I found something that represents two out of three, and that’s not bad – books and a library.

Or, to be more precise, books in a library.

This photograph was taken in the Adult Fiction section of the Curtis Memorial Library (which opened in 1904) in Brunswick, Maine. My novel (Household) is on the left, and my brother John’s novel (The Greenleaf Fires) is on the right.

We think we’re the only brother/sister act in Brunswick with published fiction sitting side-by-side on a shelf in our hometown public library!

My family has a long and dear relationship with Curtis Memorial. John and I both had library cards there, and we both spent a lot of time in that library when we were students at the local high school, back in the early- to mid- 1960s. We did homework there, worked on research projects, met our friends after school for study groups. I, for one, got into trouble in that library (there used to be a reading table into which I tried to carve my initials); I even kissed a boy in the stacks! I’m not sure that John behaved much better, but his secrets are safe...

Later on, my father sat on the Board of Trustees of Curtis Memorial.

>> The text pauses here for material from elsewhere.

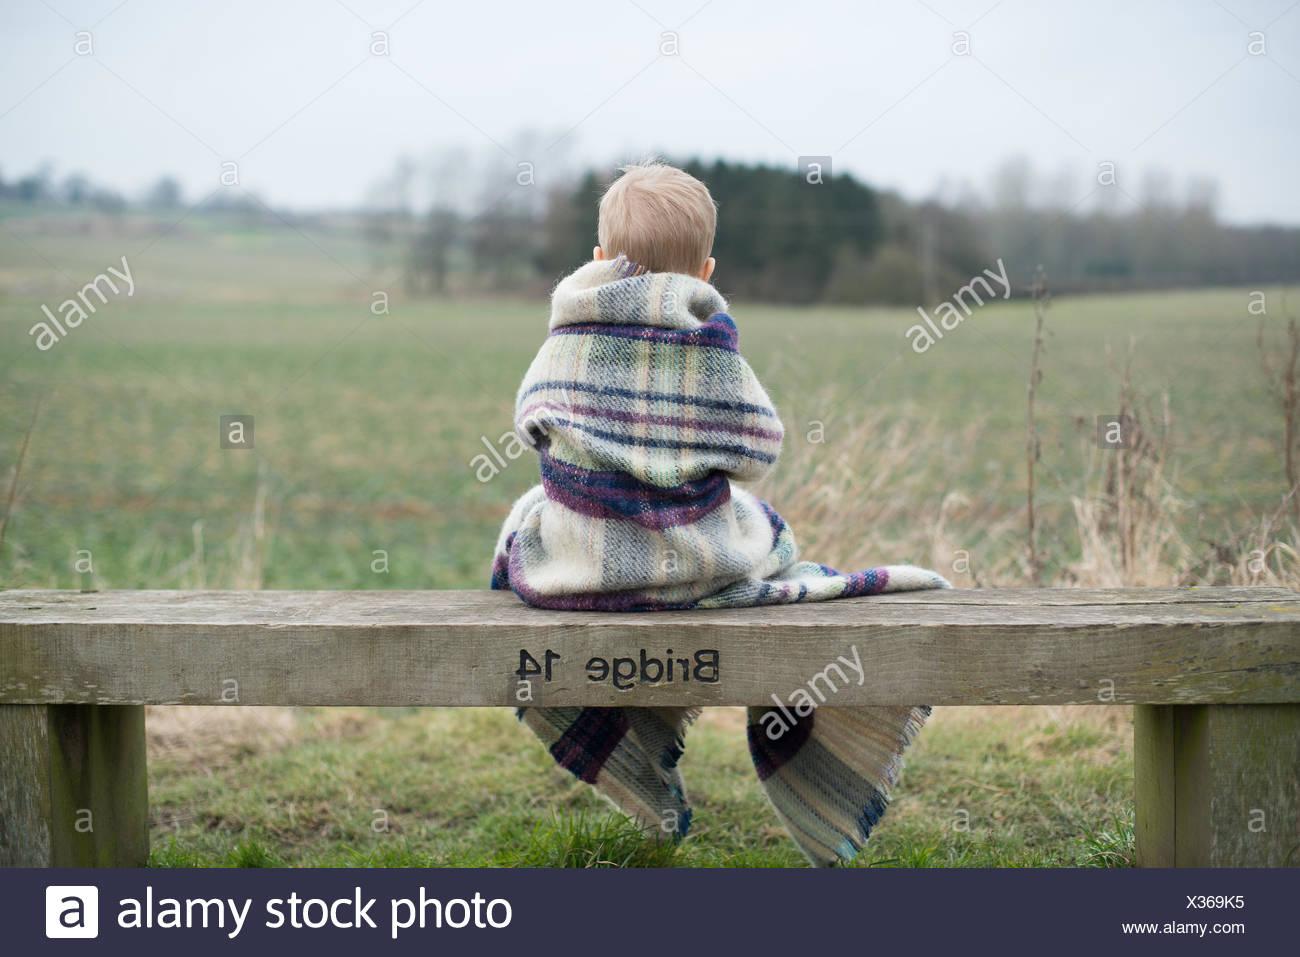 Vista trasera de un muchacho sentado en un banco, envuelto en una cobija caliente Imagen De Stock
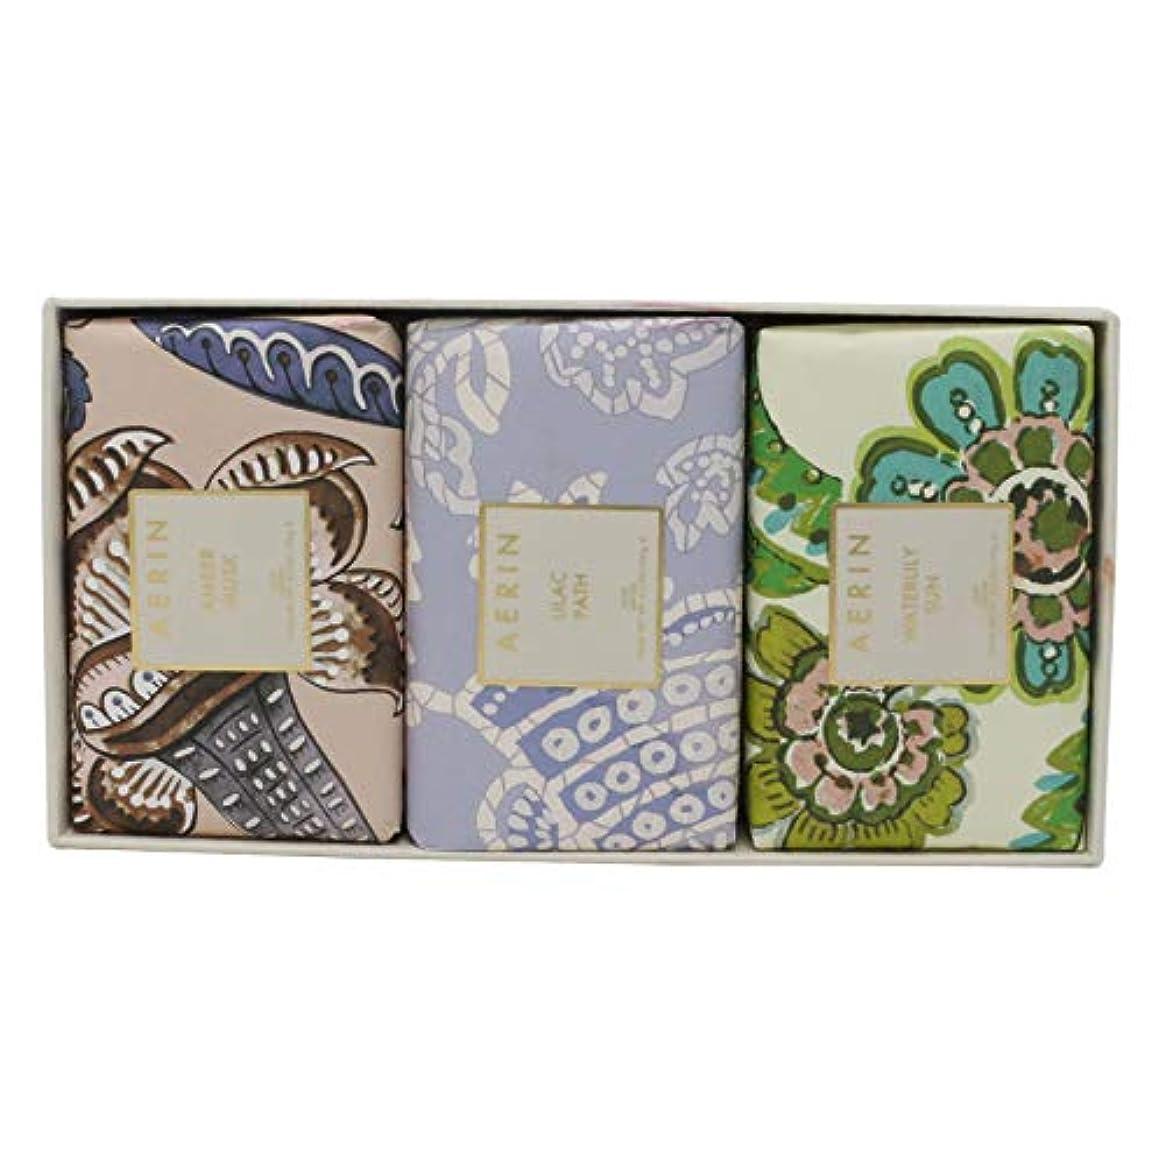 普通に手綱聖歌AERIN Beauty Soap Coffret(アエリン ビューティー ソープ コフレット ) 6.2 oz (186ml) Soap 固形石鹸 x 3個セットby Estee Lauder

After he retired, he also spent a certain amount of time there every morning reading the library’s supply of local and national newspapers – he was a newsprint junkie – and met up with a group of his friends for their daily “meeting,” during which, of course, they solved the world’s problems.

When he died (1998), my mother established a trust in his name; the money earned by the Gardner S. Gould Family Trust still buys books on tape and CD. My mother, who had inoperable macular degeneration, listened to them regularly, and I still borrow them for listening in my car.

So, after more than 50 years, I still go there a couple of times a week: I find my father in the reading room, my mother in the audio book section; my brother John and I settled peacefully next to each other in Adult Fiction.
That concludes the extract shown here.